Auranofin reimagined: an emerging therapeutic candidate for neurodegenerative diseases through molecular mechanistic insights
摘要
Drug repurposing presents a strategic shortcut in therapeutic discovery, especially in the complex landscape of neurological disorders where traditional drug development faces substantial challenges.
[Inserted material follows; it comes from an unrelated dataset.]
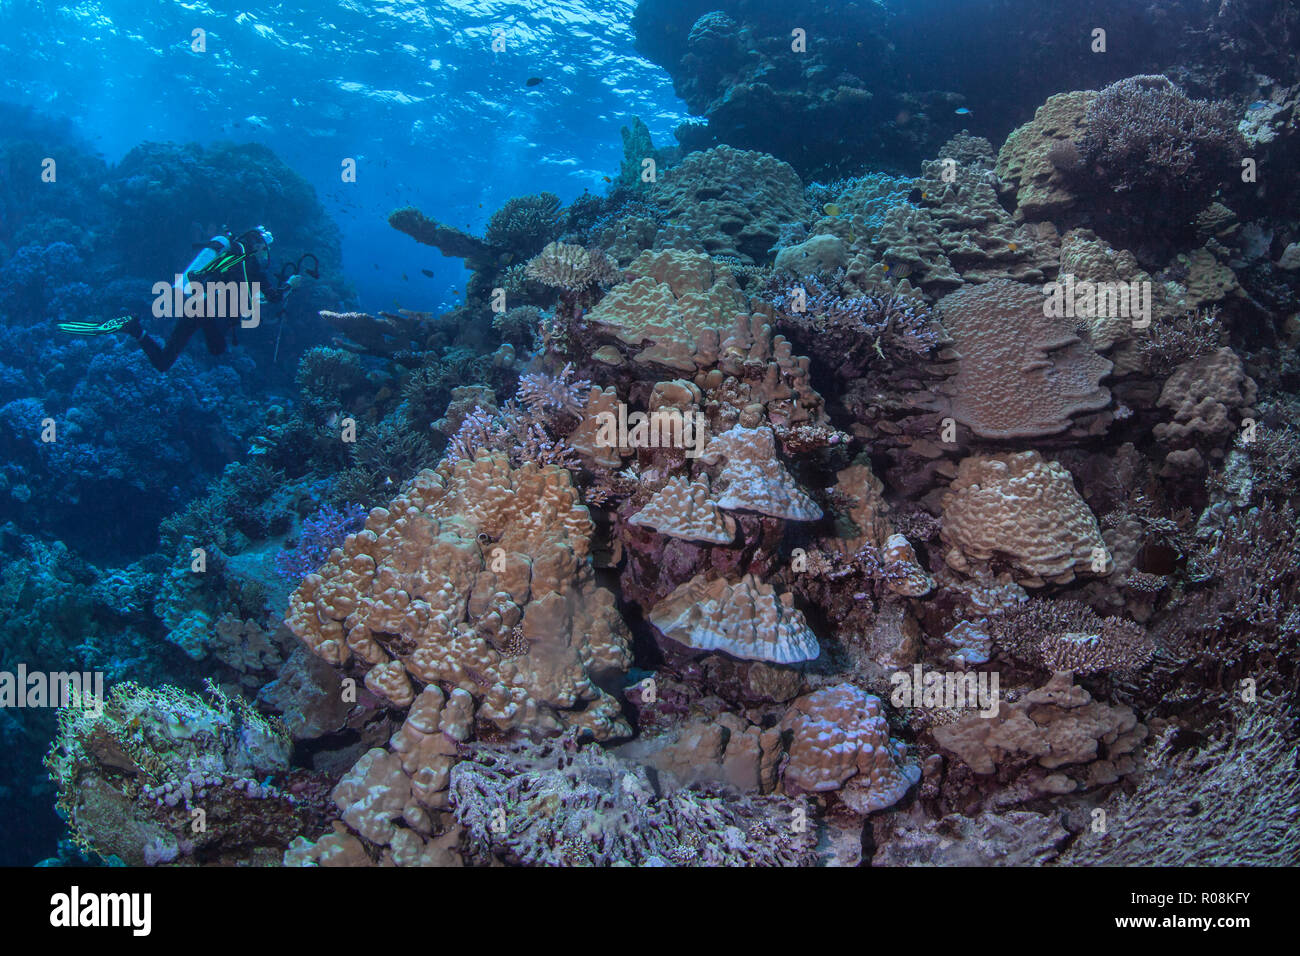 Hembra Scuba Diver, camarógrafo fotografías brillantes Porite coral Garden en la furia cardúmenes región del Mar Rojo. Septiembre, 2018 Foto de stock

A compelling candidate in this domain is auranofin (AF), an FDA-approved gold(I) compound initially indicated for rheumatoid arthritis, now gaining traction for its broad neuroprotective potential across multiple preclinical models, including Alzheimer’s disease (AD), Parkinson’s disease (PD), traumatic brain injury (TBI), and epilepsy. AF exerts multifaceted neuroprotective effects primarily through the Keap1–Nrf2–ARE pathway, which upregulates the expression of antioxidant and anti-inflammatory genes while suppressing the production of pro-oxidant and pro-inflammatory mediators. In AD, AF reactivates the PI3K/AKT axis, downregulates GSK-3β, and mitigates tau pathology. In TBI, it disrupts the ASK1–MAPK cascade, enhances mitochondrial integrity, and upregulates the anti-apoptotic protein Bcl-2. In PD, it promotes neuronal survival through the AKT–FOXO/CREB pathway, while in epilepsy, it attenuates neuroinflammation and oxidative stress via inhibition of NF-κB signaling. By orchestrating a multi-targeted neuroprotective response converging on Nrf2 signaling, AF emerges as a potential repurposing candidate with multi-pathway neuroprotective activity. Peer-reviewed data from Scopus, PubMed, and Web of Science support all findings. To our knowledge, this is the first comprehensive review to highlight AF multi-pathway activity in neurodegenerative disorders, addressing critical gaps in current knowledge. These preclinical insights collectively underscore its translational potential and capacity to reshape the neurotherapeutic landscape.